Clearly, union officials have decided that a “Hail Mary” play is what they need.

Over the past four-and-a-half years, four states have enacted Right to Work laws. A majority of states now protect employees from forced unionism. National Right to Work Committee members helped lead the charge.

Despite all of its forced union dues-derived wealth and political clout, Big Labor has become less and less effective at blocking Right to Work protections in the legislative arena in recent years.

Since early 2012, Indiana, Michigan, Wisconsin, and West Virginia have enacted Right to Work statutes. And the first three of these are heavily industrialized states of the sort where Big Labor propaganda long claimed such laws could never be enacted.

Moreover, several more states — including Montana, Colorado, New Mexico, Missouri, Kentucky, Pennsylvania, and New Hampshire — are now poised to prohibit compulsory union financial support over the course of the next few years.

Big Labor sees a chance to kill Right to Work before it is enacted in even more states. Naturally, union kingpins are jumping at the opportunity.

Unfortunately for the union brass, the anti-Right to Work arguments Ben Sachs has concocted have never been persuasive.

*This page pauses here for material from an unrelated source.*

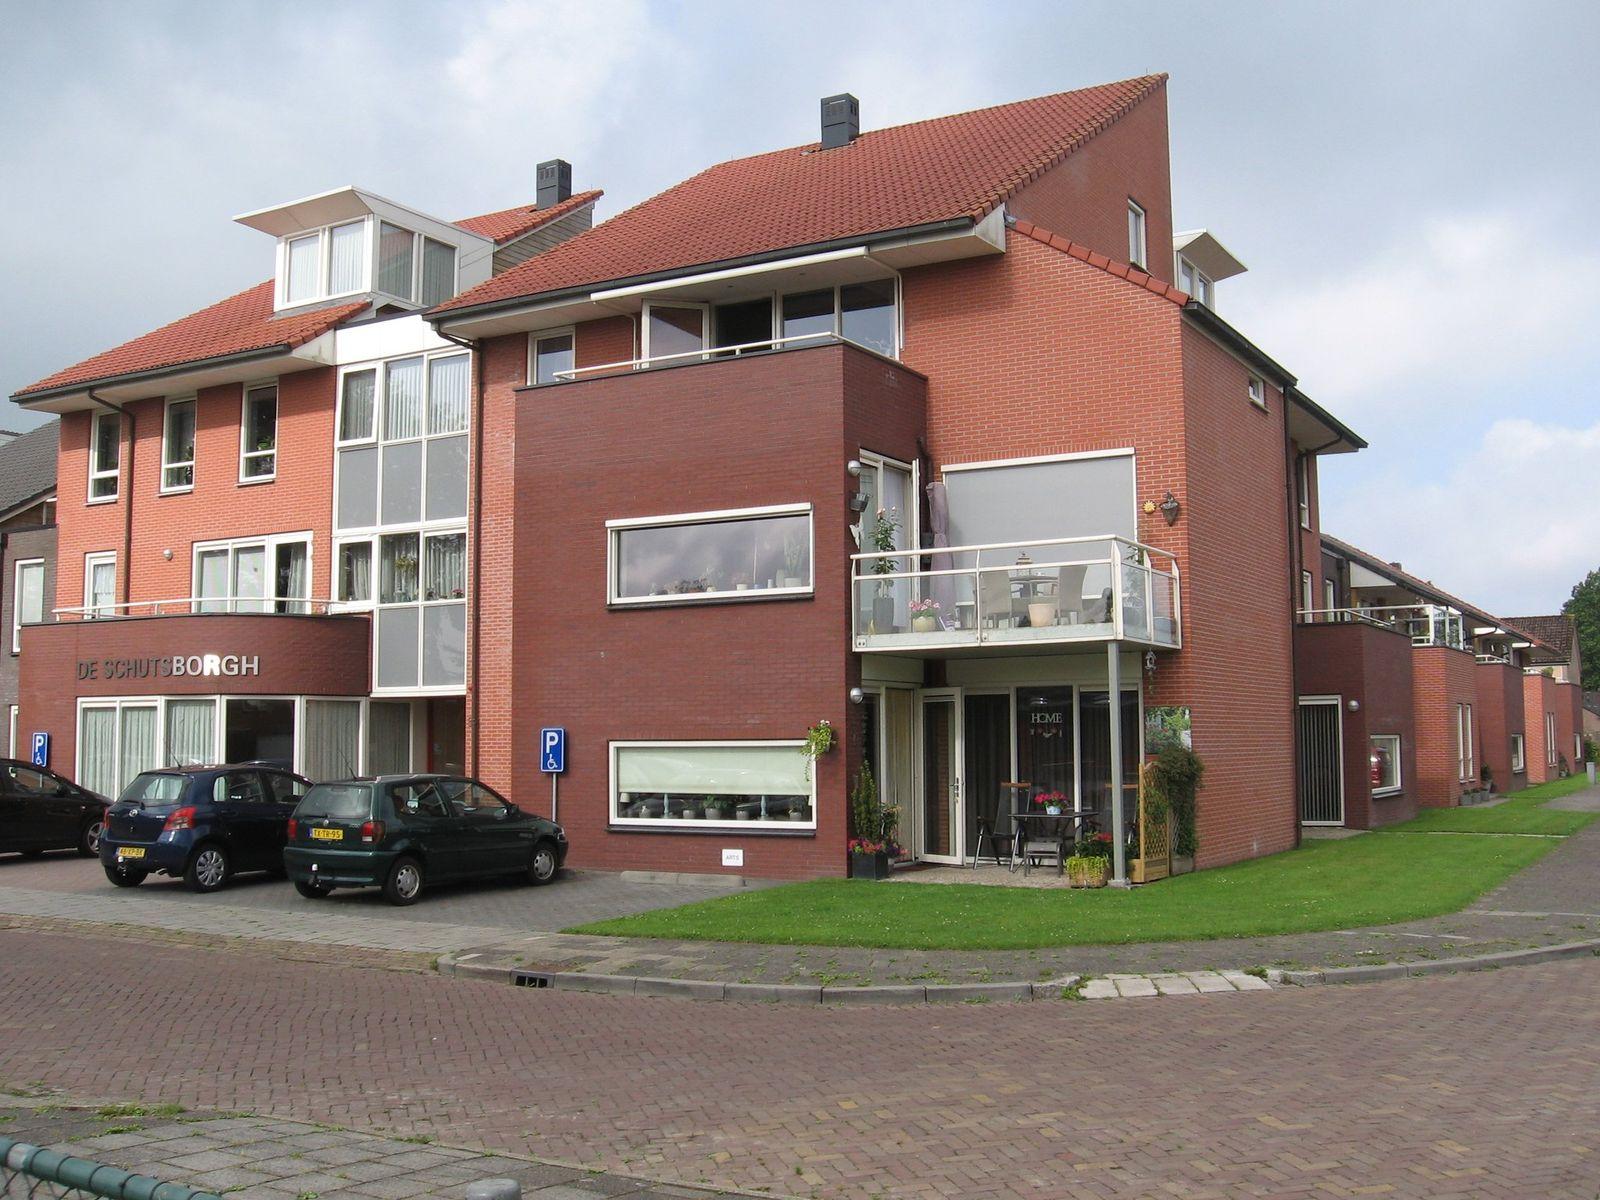 Jan Naardingweg 5--202, Noordscheschut

The constitutional “reinterpretation” he advocates is possible only if the judiciary first accepts his and and his allies’ claim that the government-granted monopoly privilege to represent union members and nonmembers alike at the bargaining table is worth exactly nothing to Big Labor. Few if any disinterested observers of how union officials go about their business would concur.

And just recently, a major new and almost certainly unexpected problem for Sachs and his team has emerged: Even President Barack Obama’s National Labor Relations Board (NLRB) appointees are now on the record admitting union monopoly-bargaining privileges are a “thing of value.”

On March 30, the Obama NLRB ruled 3-0 that bosses of Local 720 of the International Alliance of Theatrical Stage Employees (IATSE) may not use the “exclusive” hiring hall they operate to discriminate against employees who live in a Right to Work state and exercise their freedom not to join or bankroll Local 720.

The IATSE Local 720 ruling, in which Chairman Mark Pearce, an ex-union lawyer, and member Lauren McFerran, a protégé of retired Big Labor U.S. Sen. Tom Harkin (D-Iowa), participated, entirely upheld an earlier decision by NLRB Administrative Law Judge Kenneth Chu. (See the link below to read the whole ruling.)

Judge Chu explicitly recognized that monopoly-bargaining privileges are a “thing of value” for Big Labor. And he also recognized that the value is “sufficient compensation” for any expenses union bosses might incur while wielding those privileges over employees in Right to Work states who exercise their legal prerogative not to join or bankroll an unwanted union.

In short, Kenneth Chu and the three Obama-appointed NLRB members who fully concurred with his decision are telling Ben Sachs and other union lawyers who are trying to destroy Right to Work laws that their core contention is wrong.

Sachs et al and their Big Labor clients remain free, of course, simply to add IATSE Local 720 to the host of other NLRB and federal court precedents that they insist must be overturned as they seek to impose forced union dues and fees on employees nationwide. But the fact is, their path to victory in their judicial crusade against Right to Work laws has gotten much more steeply uphill as a consequence of  IATSE, Local 720, AFL-CIO, CLC (Tropicana Las Vegas, Inc.).